Stefan: Well, it was one big exercise for Microsoft at the time. It was kind of special to me.
Eric: Okay. So we are really big, we've had some guests on talking about simulations, talking about war gaming. I think it's a really important exercise to go through as a leadership team. How would you redesign it today, watching this IT Army of Ukraine come up, knowing that there could be a parallel cyber army that would attack, I don't know, friendly nations or organizations, companies, whatever.
[31:31] Acceptable or Unacceptable Conduct
Eric: It's not like anybody copyrighted the idea and nobody else step on that, this could happen and will likely happen going forward. How does that change your thinking? Long-winded question, but how does it change your thinking?
Stefan: It's a good question. I think other states, they are looking very carefully about what the IT Army does and how other countries are reacting to it. Do we say this is unacceptable, that conduct? This is unacceptable for Ukraine to create such a monster, essentially. And for Ukraine to essentially recruit people that are not living in Ukraine, that are not Ukrainians but living in countries that essentially are non-belligerent in this conflict.

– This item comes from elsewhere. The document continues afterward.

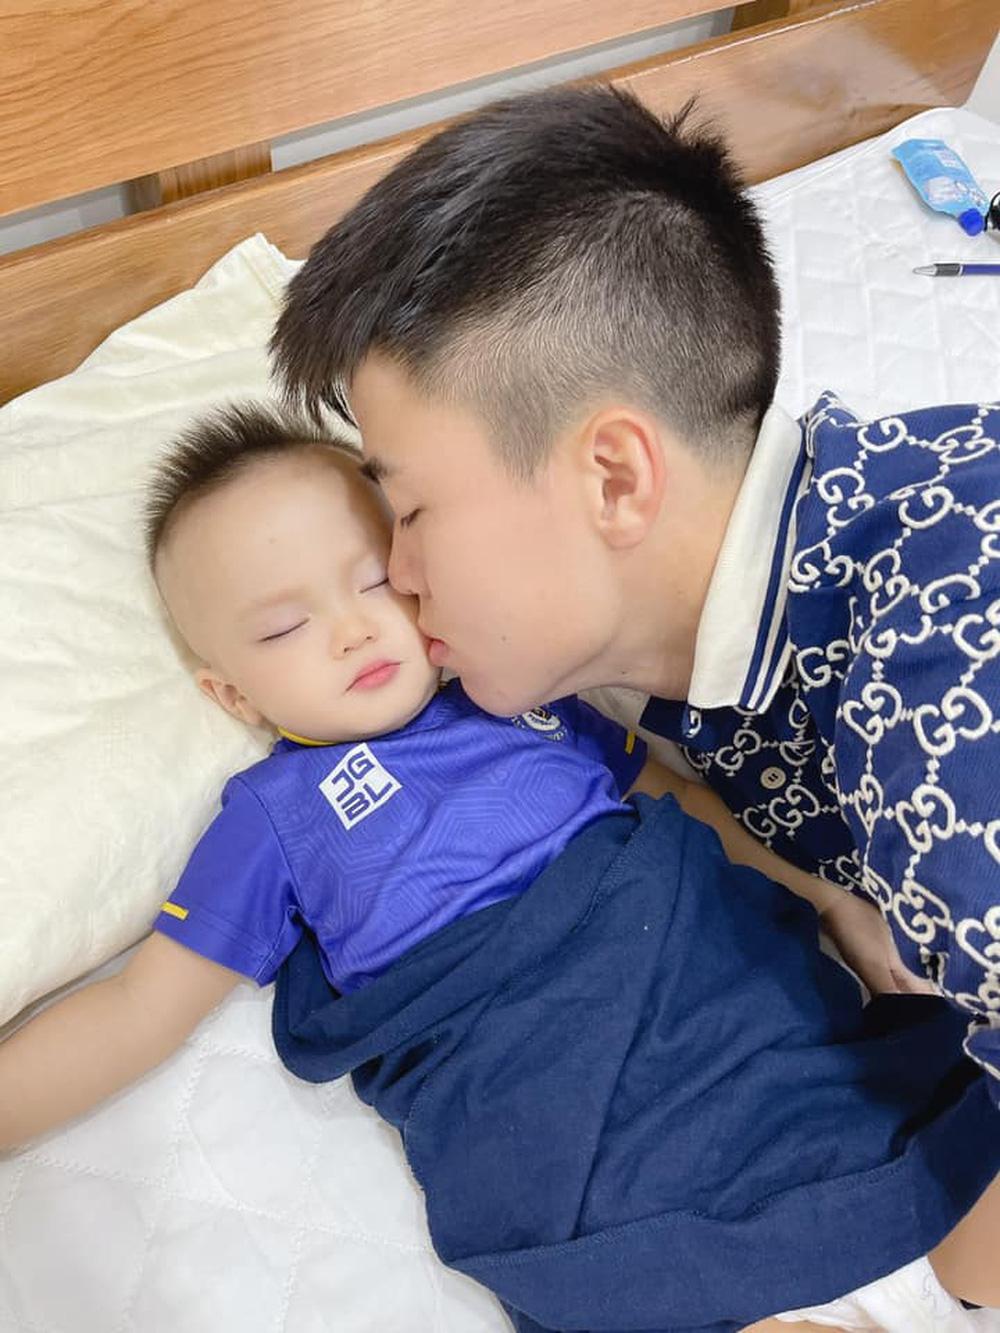 Duy Mạnh thơm má tạm biệt con trai trước khi lên tuyển hội quân - Ảnh 1.

So I think a lot of countries, particularly in Europe, I think NATO is kind of concerned about this but publicly nobody has found a solution. EU officials at one event, they voiced that the IT Army are essentially criminals and we should arrest them. But then again, if you look at some EU member days that are allowing their citizens to actually go to Ukraine and participate in facilities, are carrying arms, and actually going to the front lines. That seems kind of odd that you would at home arrest people that are in their own homes just DDoS-ing. The double standards would be so obvious.
Eric: Well you can't prevent a private citizen in a free country from going to another country and taking up arms. You can potentially prevent a crime from happening from the country that's harming another country or an organization.
Preventing People to Join the Cyber Army
Eric: So if the FBI found out that I was reaching into Russia and taking whatever you want offline, pick your organization, that's technically a crime and they can prosecute me for that. Me, if I go to Ukraine and I join the Ukrainian cyber army in Ukraine, I don't think the US government could do anything about that. I'll speak to the US, I know it better than others.
Stefan: Liz Truss, British foreign minister. She openly said if more people wanted to go to Ukraine and fight there, they should go. It's really weird.
Eric: But you can't stop them now. If they become captured, they're POWs, you may not put all the chips on the table and try to bail them out. But you can't stop them from going. If I'm creating a crime or actively involved in criminal activity from inside the borders of the country, I think that's a little different.
But I'm certainly no lawyer.
Stefan: It should be a little different. There is a whole discussion about due diligence and how states are responsible for what happens on their territory in terms of if that activity affects another country. And that's what we get a lot with the countries in terms of ransomware. Ransomware campaigns that are coming out of Russia targeting US infrastructure. Infrastructure across Europe and now the shoe is only for the other foot. So if the Russians are saying, well, we know where these DDoS campaigns are coming from, they're coming from Germany.
A Political Decision
Stefan: Why don't you arrest them? Then the German government is like, well if we do that, are we right anti-Ukraine in that sense? Are we doing Russia's bidding on our territory or are we upholding ourselves to a higher standard and say, we don't want to get involved in this conflict and no citizens of ours is allowed to do this activity? But I think currently it's a political decision, we have to put that line. But nobody's willing to do that.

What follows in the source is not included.